Exercise objective: Exact copies of the lines below, from the one with "farming and rh" up to and including the one with "New Bathroom Bathtub", are what this calls for; leave out pictures.

Records for processing:
━━━━━━━━
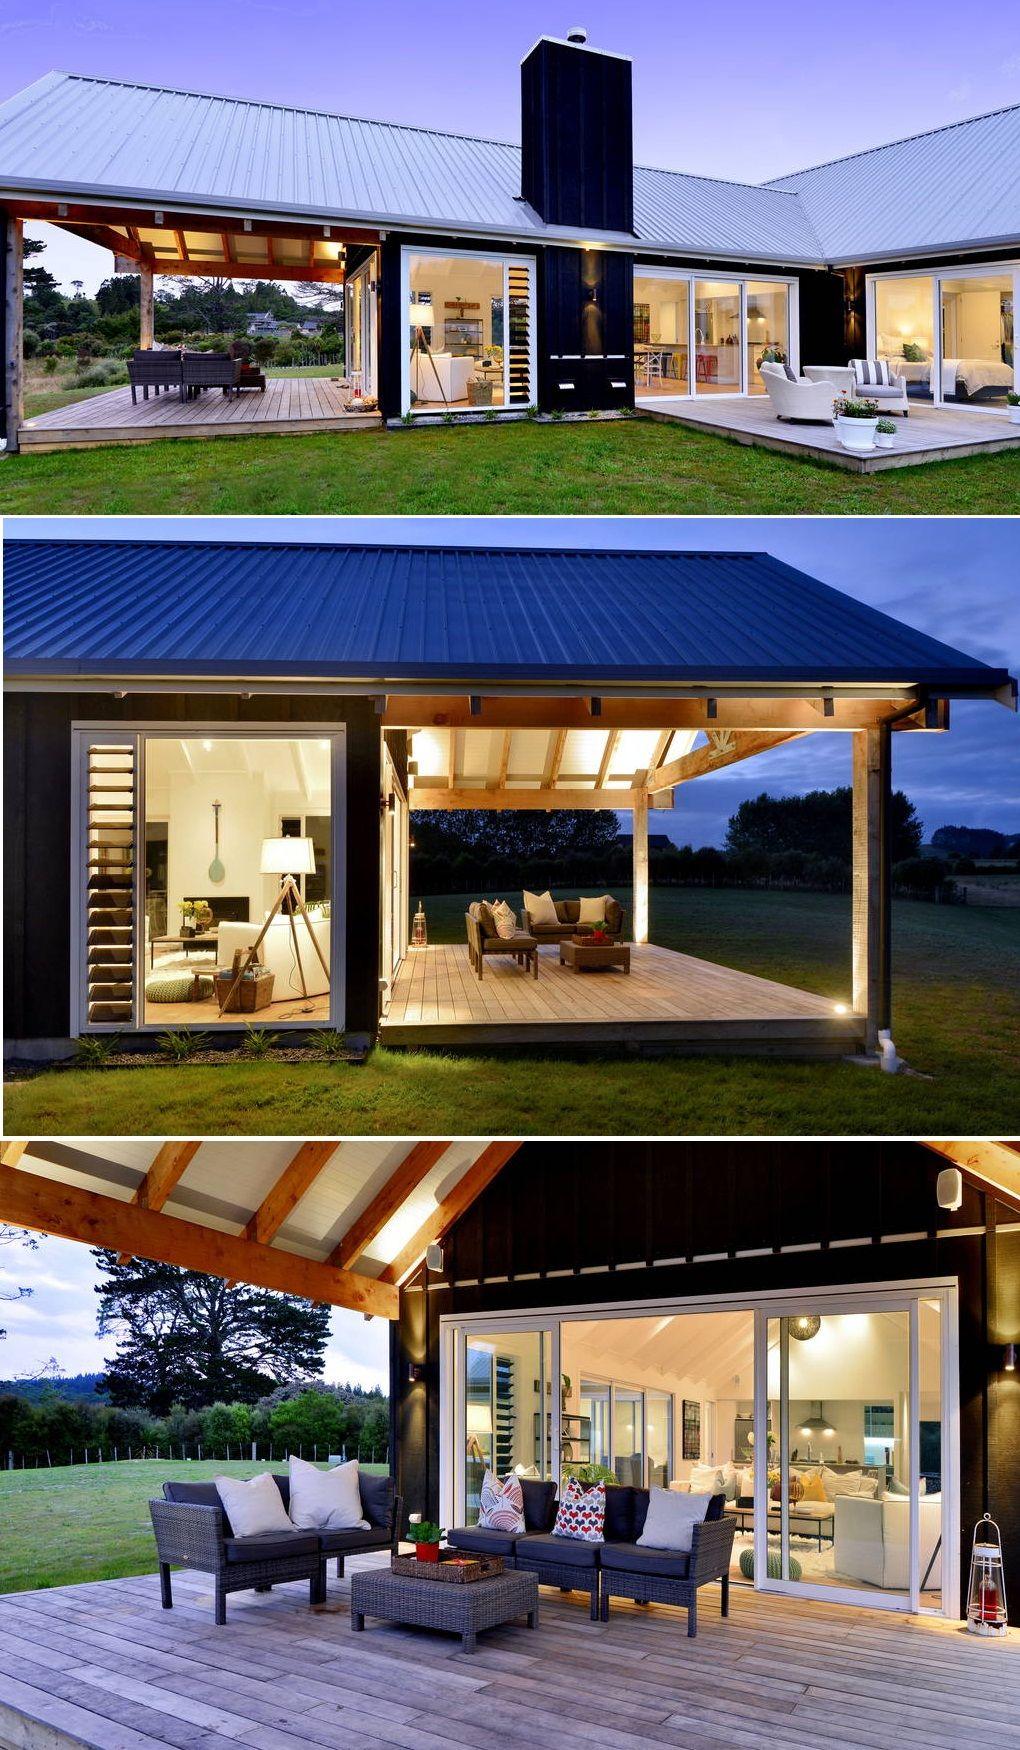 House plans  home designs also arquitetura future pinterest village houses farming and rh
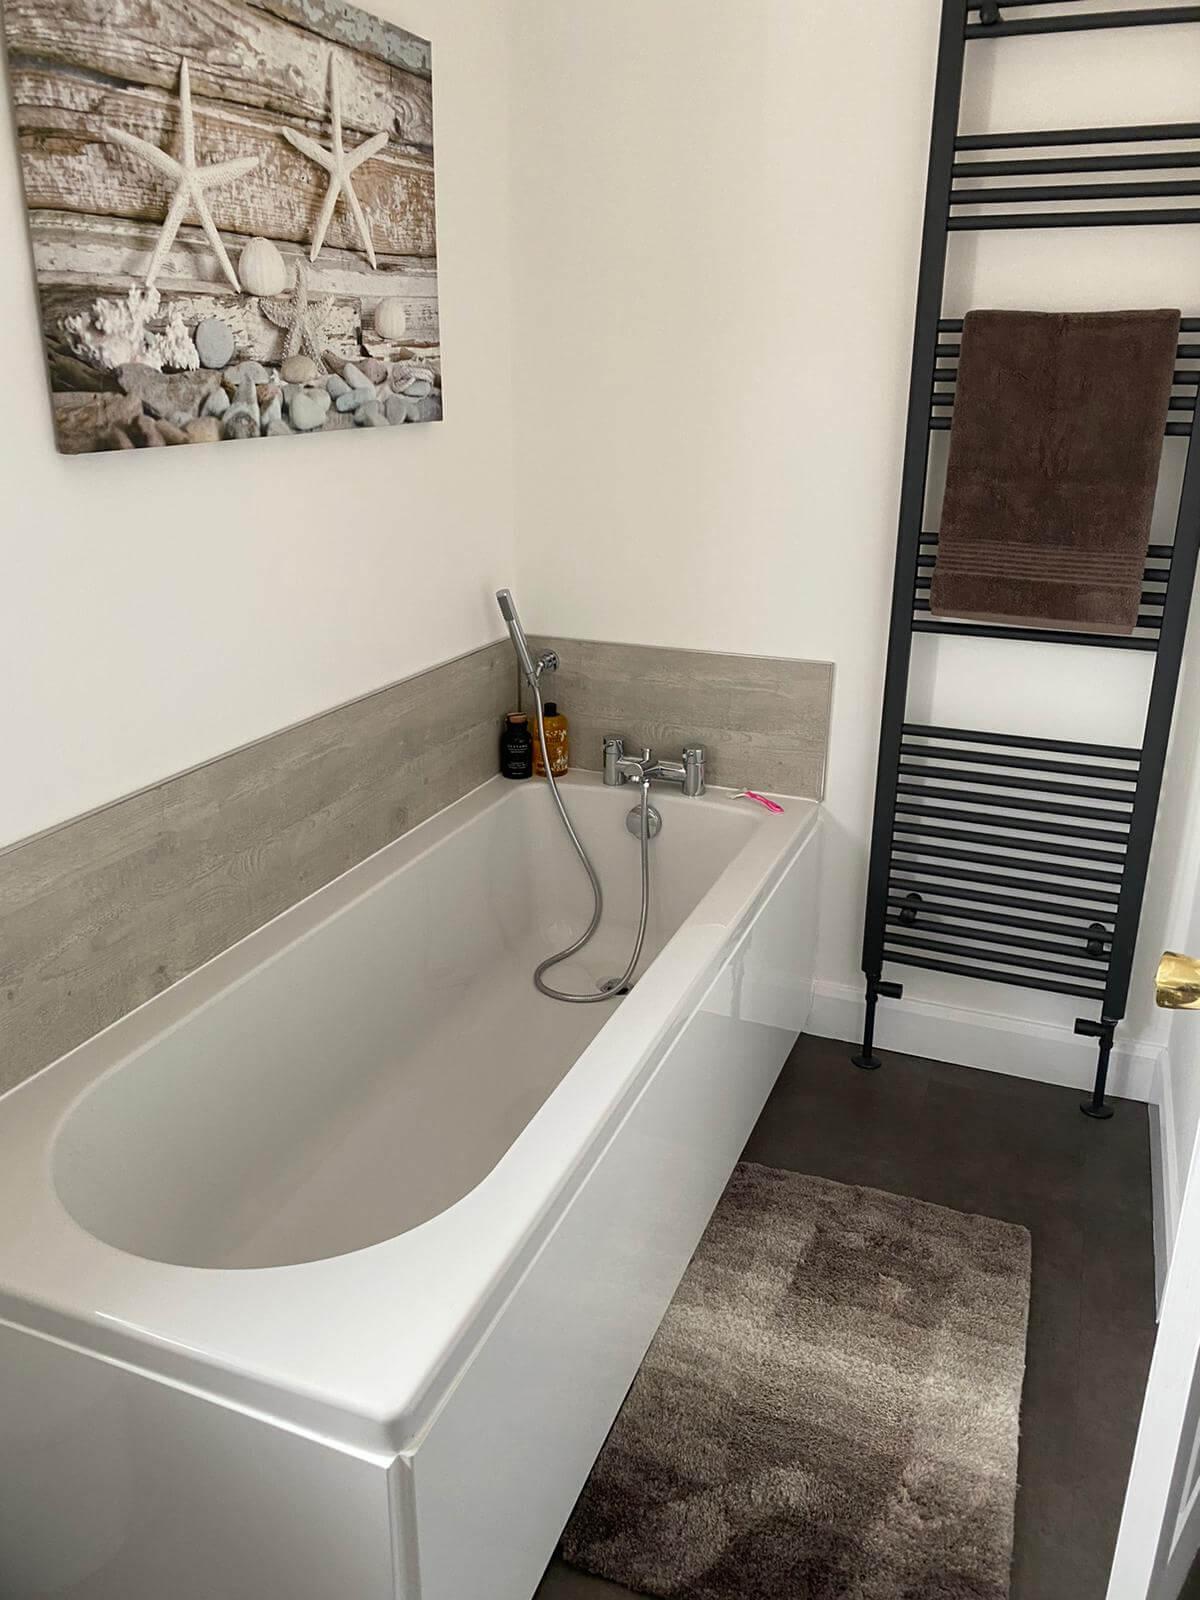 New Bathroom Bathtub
━━━━━━━━
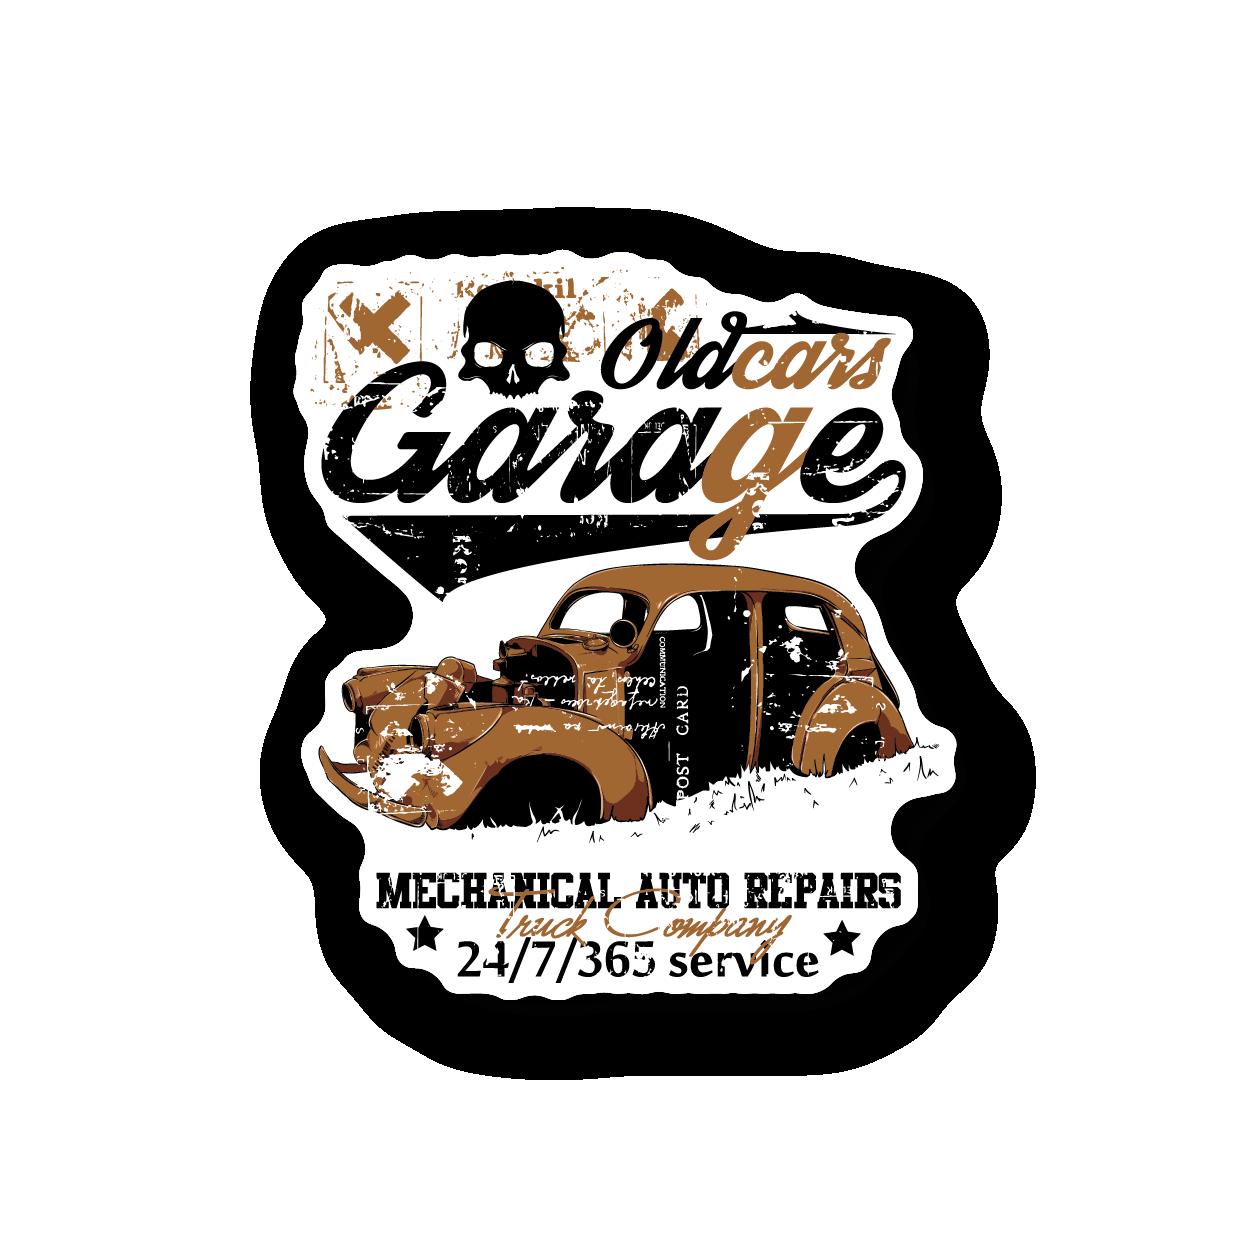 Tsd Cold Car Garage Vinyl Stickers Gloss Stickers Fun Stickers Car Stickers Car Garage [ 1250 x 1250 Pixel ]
━━━━━━━━
Expected answer:
 House plans  home designs also arquitetura future pinterest village houses farming and rh
 New Bathroom Bathtub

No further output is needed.